I have an alternate scenario to offer that looks at the problem from a different perspective. I am going to assume that m2 is not rigid, but deformable, and is characterized by an elastic shear modulus G. I know how to do problems like this because of my prior experience with solid mechanics. What I'm going to show in this scenario is that, for a deformable m2, it is possible for slip to occur at the upper interface with m1, while, at the same time, the lower surface of m2 does not move.
Let A be the area of m2 in contact with m1 and with the table, and let h be the thickness of m2. The displacement to the right at the bottom of m2 is going to be zero. The displacement to the right at the center plane of m2 is going to be δ1 and the displacement to the right at the top surface of m2 is going to be δ2. If we did not allow a displacement at the top surface (i.e., temporary slip with kinetic friction, followed by re-establishment of stick) the frictional force at the top surface would be 25N, which would exceed the critical force for release of static friction.

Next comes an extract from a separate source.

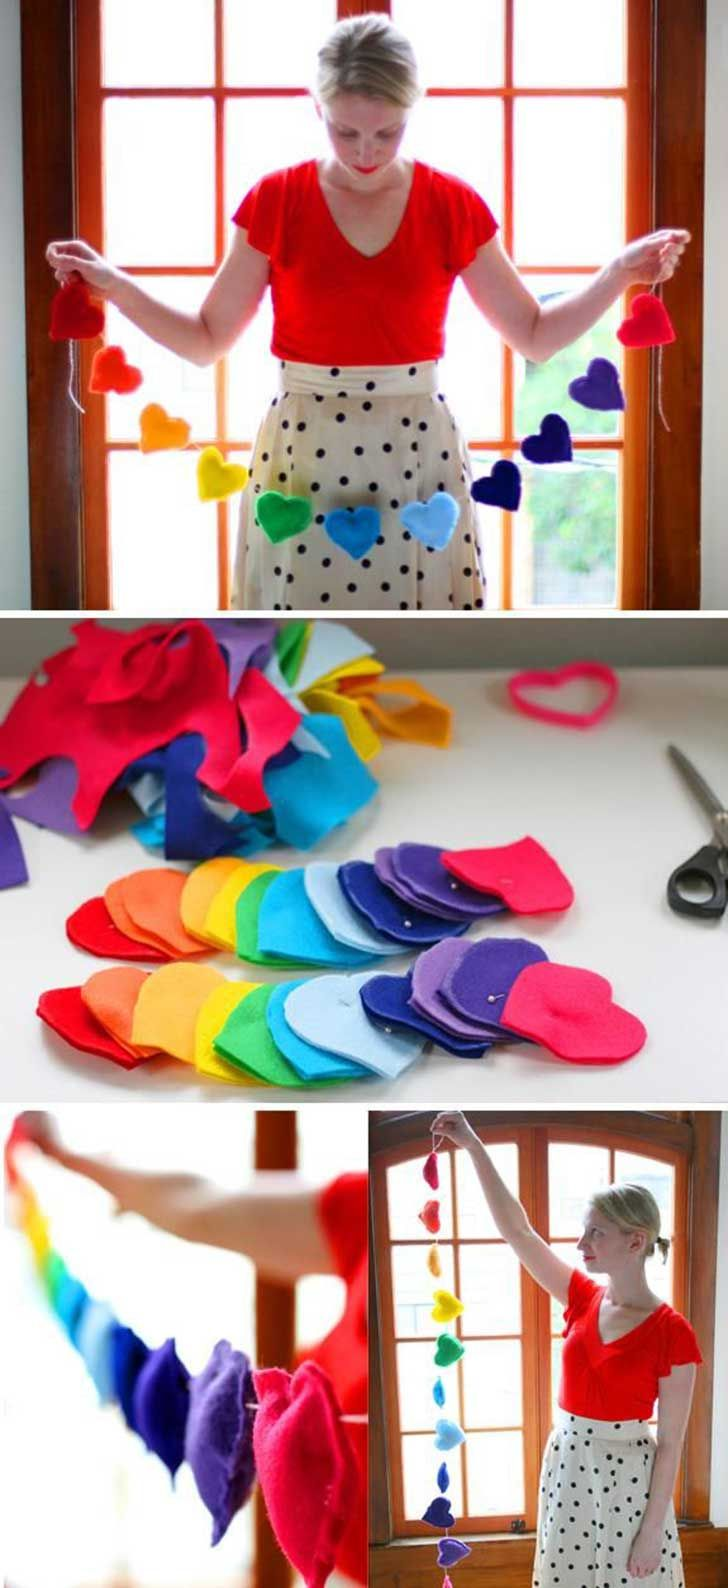 25 asombrosos accesorios para amantes de los arcoíris   Upsocl
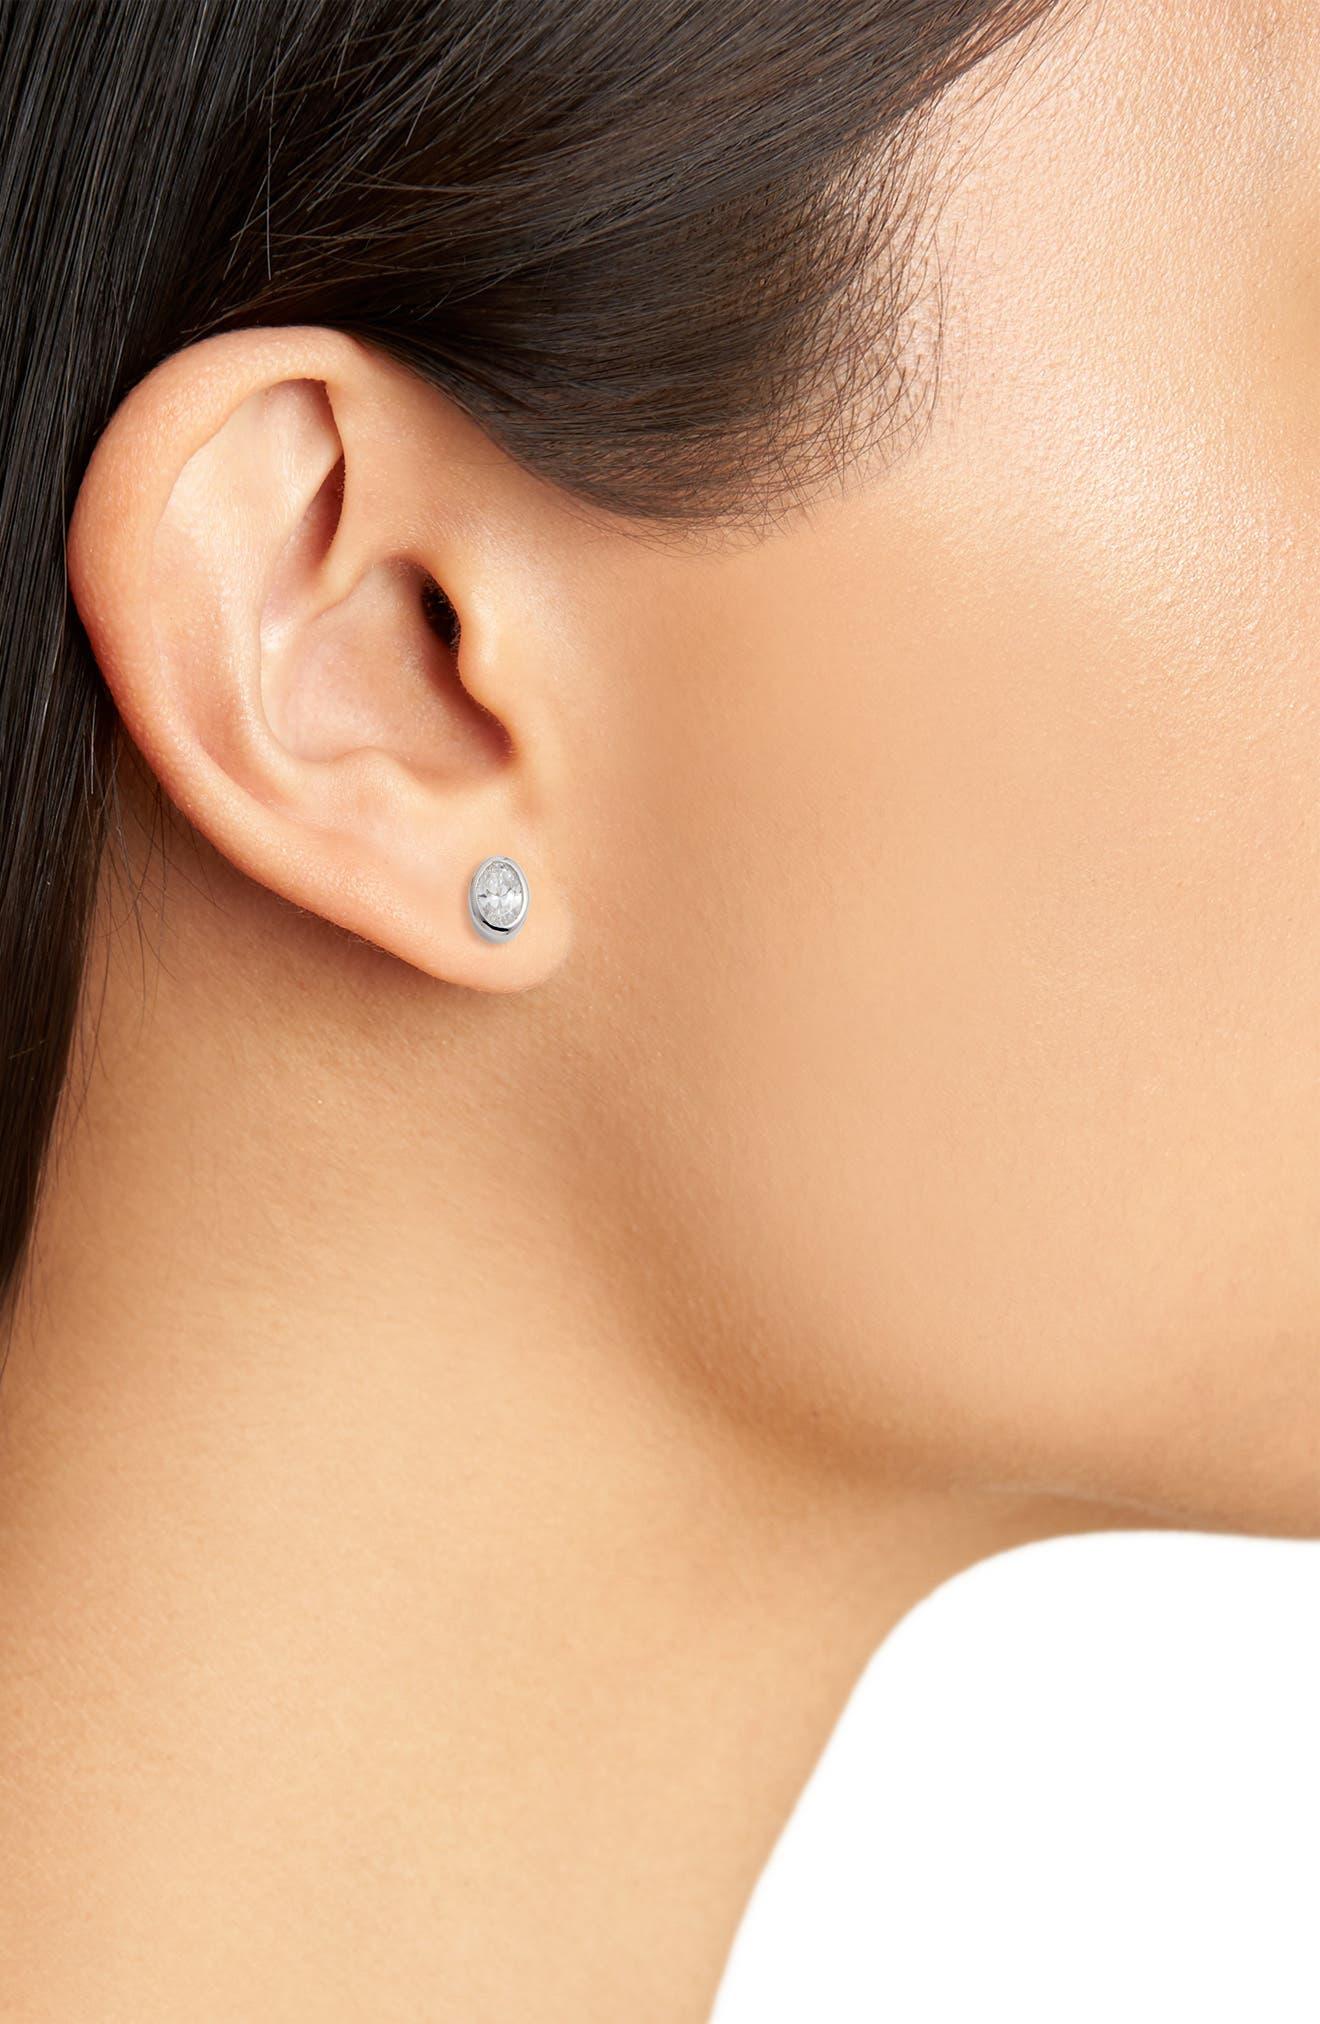 Bezel Set Oval Stud Earrings,                             Alternate thumbnail 2, color,                             SILVER/ CLEAR

Therefore, the top surface of m2 must slip at the kinetic friction force of 12.3 N (temporarily, until static friction is re-established). Once static friction is re-established, the force at the top of m2 will remain at 12.3 N. That is where we are going to examine what prevails.
Now for the analysis:
Shear strain in the lower half of m2 = δ1/(h/2) = 2δ1/h
Shear strain in upper half of m2 = 2(δ1-δ2)/h
Shear stress in lower half of m2 = 2Gδ1/h
Shear stress in upper half of m2 = 2G(δ1-δ2)/h
Frictional force on top surface = 12.3 N = 2GA(δ1-δ2)/h
Frictional force on bottom surface of m2 = 50.0-12.3= 37.7 N = 2GAδ1/h
If we solve for δ1 and δ2, we obtain:
##δ_1=\frac{37.7h}{2AG}##
##δ_2=\frac{25.4h}{2AG}##
So the bottom of m2 will not be displaced to the right at all, and the center plane of m2 will be displaced to the right about 50% more than the top surface.
In the end, m2 would not be accelerating.
Chet